1967 Passport to the World

Rod MacLeod

In 1967, barely three years after Canada’s new red maple-leaf flag had deeply divided both parliament and public, and in the midst of seemingly mounting terrorist attacks by groups seeking to establish an independent Quebec state, thousands of people in the Montreal area adopted a strikingly flexible form of identity: they acquired passports that would make them, at least for a while, citizens of the world.
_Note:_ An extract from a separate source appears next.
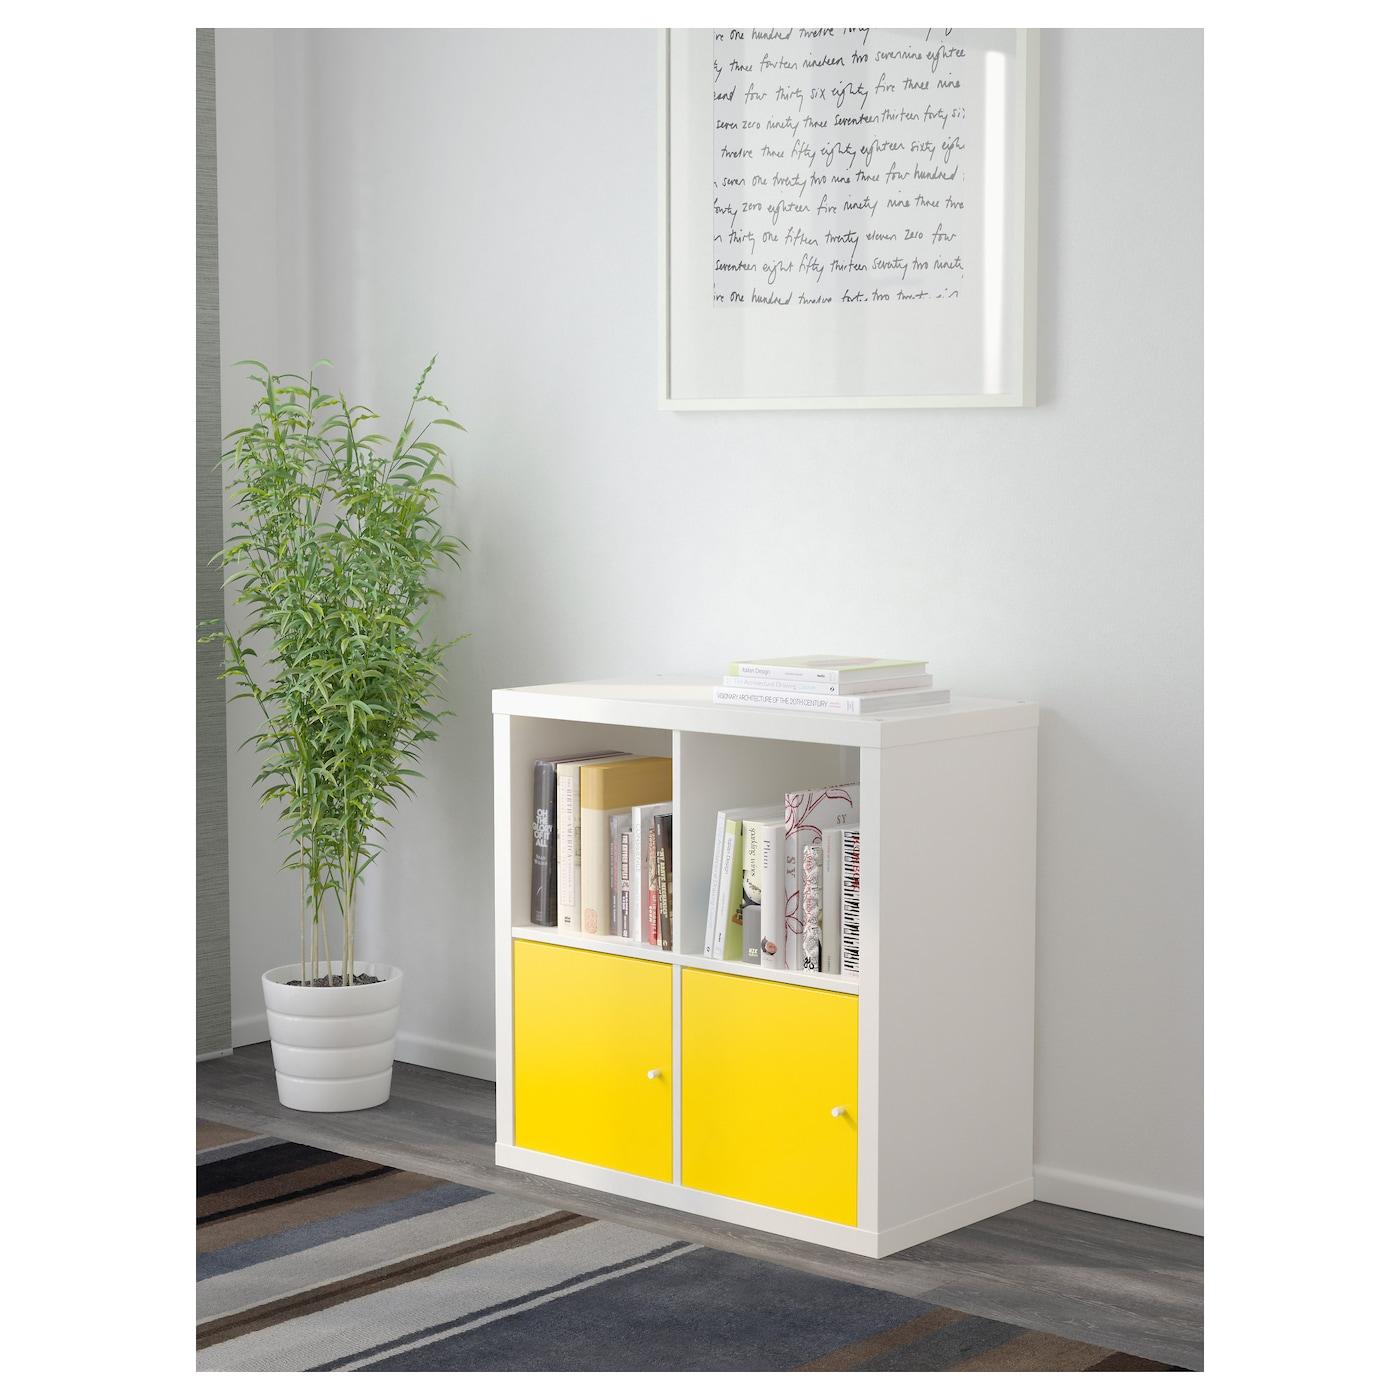 kallax tag re avec portes blanc jaune 77x77 cm ikea. Black Bedroom Furniture Sets. Home Design Ideas

Despite the bitter and even violent arguments going on in the background, Expo 67 succeeded in presenting a bilingual and bicultural vision of its host country, which astonished visitors. In Quebec, Expo meant the awakening of a society that had looked inward for too long. This was no less true for Anglophones than for Francophones: indeed, for many the Expo passport was a way to shuck generations of unilingual Anglo-Saxony and embrace cultural diversity. In Montreal, where the world came to visit for six months, locals found countless opportunities to explore, to experiment, to share, and to show off.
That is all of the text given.